Над всеми этими мрачными мыслями и плохо скрытыми страстями царил
мистер Мергелсон - большой, но проворный, проворный, но точный, он
выкрикивал приказания своим попугаичьим голосом, подкреплял их оплеухами,
исполнял свои обязанности и следил, чтобы их исполняли другие. События
достигли высшей точки в самом конце полного хлопот субботнего дня,
незадолго до того, как мистер Мергелсон пошел запирать в доме двери и
тушить лампы. Нерасторопный Билби сильно задержался в тот вечер и тащил из
комнаты дворецкого поднос со стаканами, когда в буфетную вошел Томас и,
вплотную подойдя к нему сзади, грубо схватил его за шею, больно взъерошил
ему волосы да еще проворчал `Бр-р!`.
Билби минуту стоял, не двигаясь, затем поставил поднос на стол, и
бормоча что-то невнятное, кинулся к упомянутой вилке. Еще миг - и один из
зубцов впился в подбородок Томаса.


Как стремительны перемены в нашей душе! Вонзая вилку, Билби был дикарь
дикарем; но едва вилка попала в цель - а ведь он мог с таким же успехом
попасть лакею в глаз, а не в подбородок, - мальчуган мгновенно вспомнил
все те христианские заповеди, которые вдалбливали ему в школе. Свирепый
порыв миновал, и он пустился в бегство.
Вилка минуту висела на лице Томаса вроде какой-то туго скрученной
медной бороды, потом со звоном упала на пол. Томас схватился рукой за
подбородок: кровь.
- Ах ты!..
Он так и не нашел верного слова, ну да оно и лучше! Вместо этого он
помчался в погоню за Билби.
А юного преступника внезапно охватил ужас перед содеянным и перед
Томасом, и он кинулся сломя голову по коридору, прямо к служебной
лестнице, что вела в высшие сферы. Ему некогда было думать. За ним гнался
Томас с окровавленным подбородком. Томас-мститель. Томас в яром гневе.
Билби шмыгнул в дверь, обитую зеленым сукном, а гнавшийся за ним лакей
схватился было за ручку, но в последнюю минуту опамятовался и не вломился
внутрь.
В последнюю минуту им овладело инстинктивное и неодолимо тревожное
ощущение грозной опасности. До него долетел странный звук, будто запищал
детеныш какого-то крупного животного. В приоткрытой двери мелькнуло что-то
большое, черное с белым.
Потом что-то разбилось - кажется, стеклянное.
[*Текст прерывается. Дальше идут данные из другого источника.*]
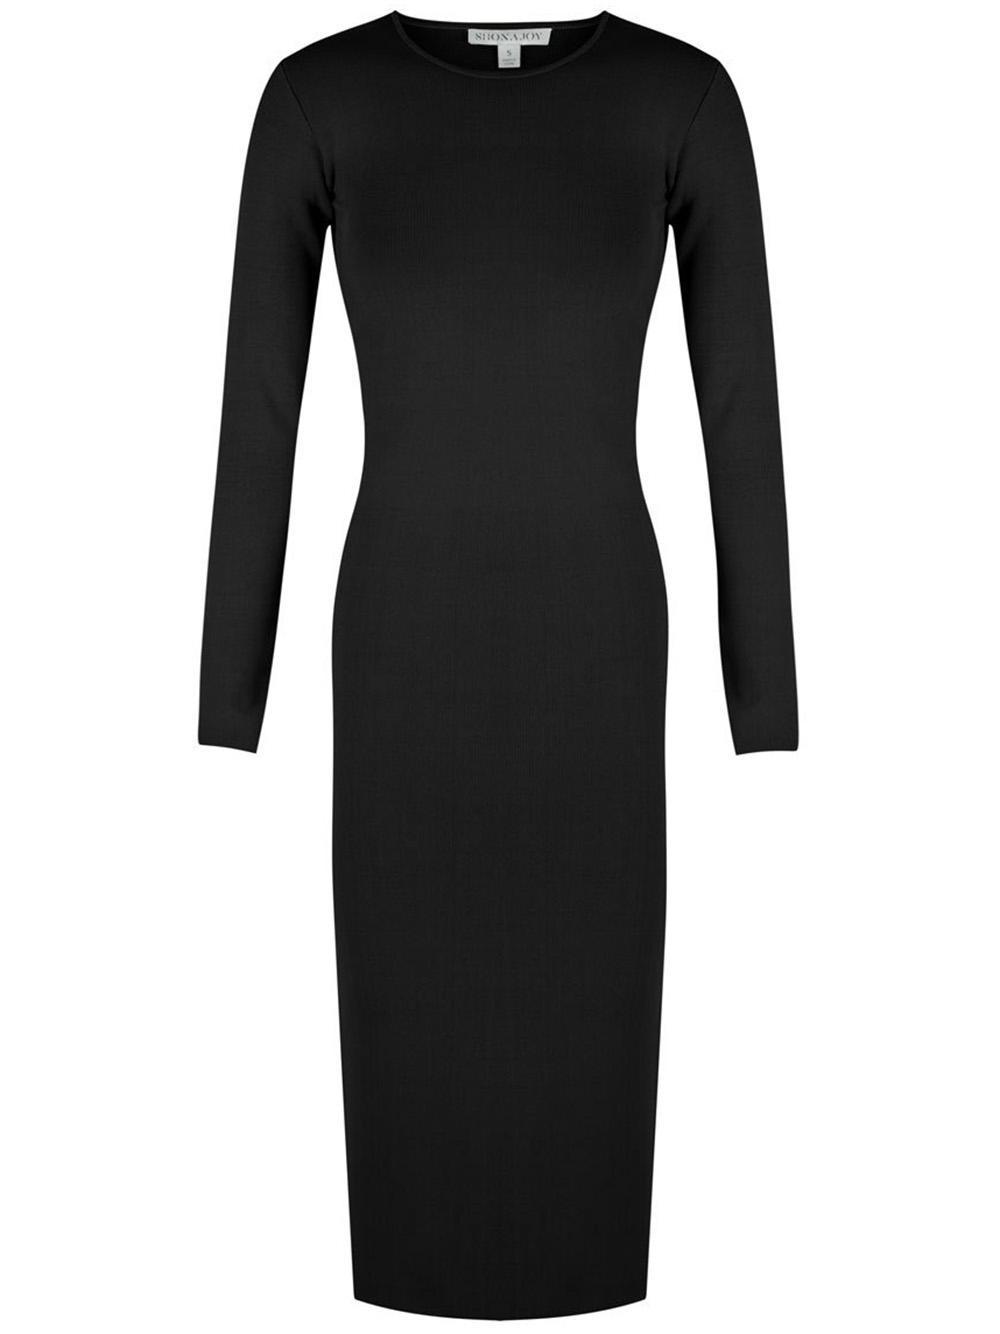 Lyon Backless Midi Dress Item # 213173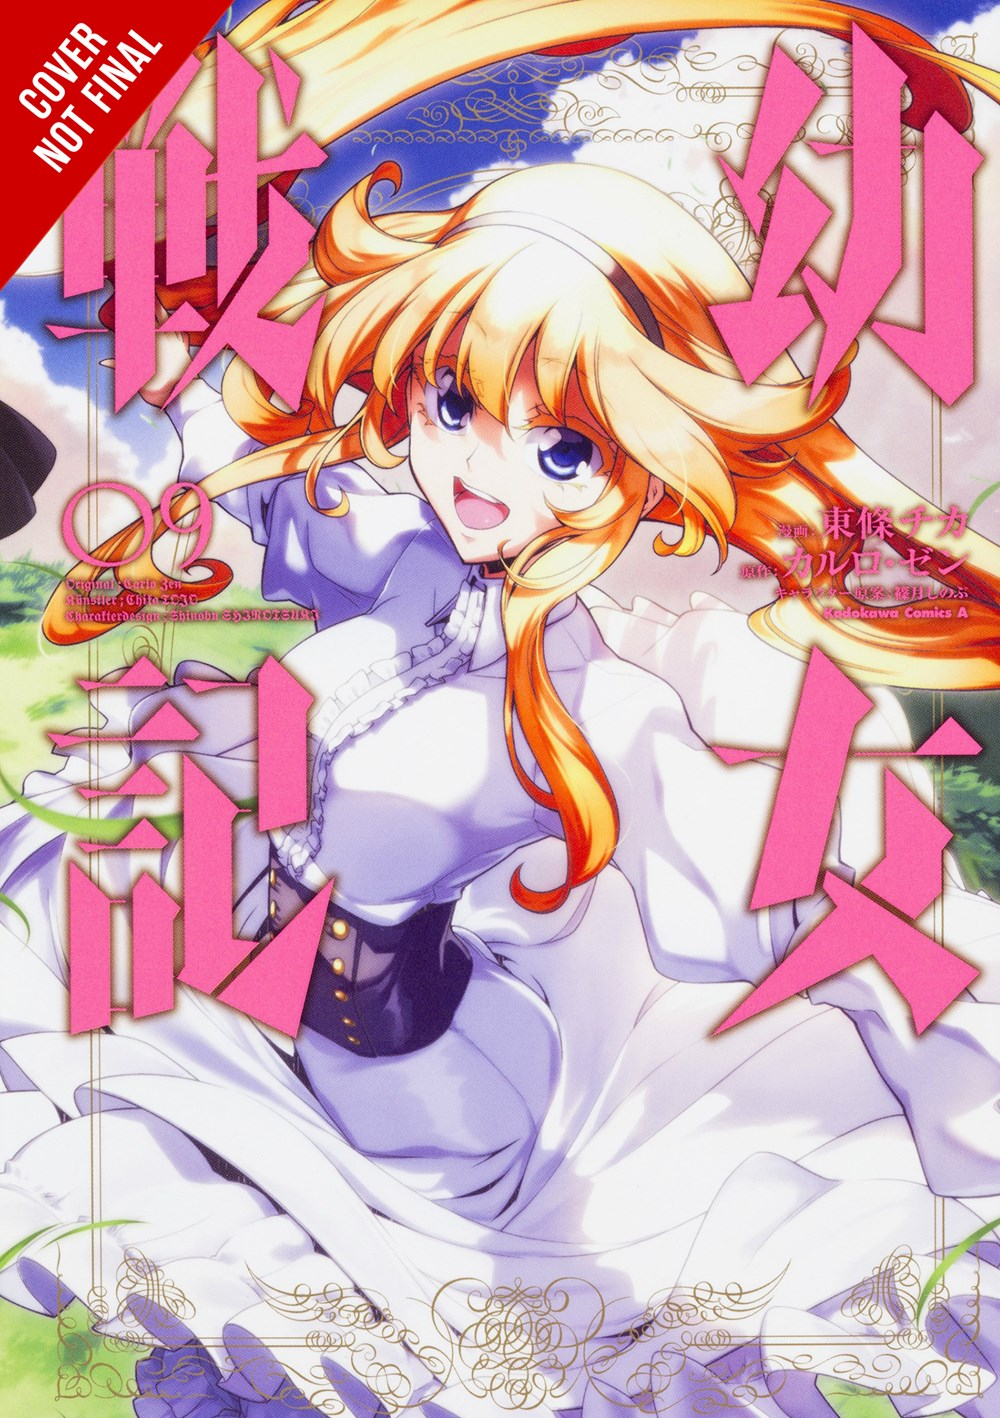 The Saga of Tanya the Evil Manga Volume 9

Томас притворил зеленую дверь, качавшуюся на медных петлях, перевел дух
и прислушался.
Густой и низкий голос чем-то возмущался. То не был голос Билби, то
говорил кто-то важный, в ком кипел сильный, хотя и сдерживаемый гнев. Он
не кричал, но в словах не стеснялся - выбор у него был богатый, не то что
у какого-нибудь мальчишки.
Томас тихонько приоткрыл дверь - чуть-чуть, только чтоб заглянуть, - и
тут же снова ее затворил.
Он повернулся к лестнице и на цыпочках с удвоенной поспешностью начал
спускаться вниз.
Внизу в коридоре появился его начальник.
- Мистер Мергелсон! - вскричал Томас. - Вы только послушайте! Ну
дела!..
- Что там такое? - спросил мистер Мергелсон.
- Он сбежал!
- Кто?
- Билби!
- Домой? - Это прозвучало почти с надеждой.
- Нет.
- Куда же?
- Наверх. По-моему, он на кого-то налетел.
С минуту мистер Мергелсон испытующе глядел на подчиненного. Затем
настороженно прислушался; они оба прислушались.
- Надо его оттуда выудить, - объявил мистер Мергелсон с неожиданной
готовностью действовать.
Томас еще ниже перегнулся через перила.
- _Лорд-канцлер_!.. - прошептал он побелевшими губами и кивнул в
сторону двери.
- А он тут при чем? - спросил Мергелсон, удивленный видом Томаса.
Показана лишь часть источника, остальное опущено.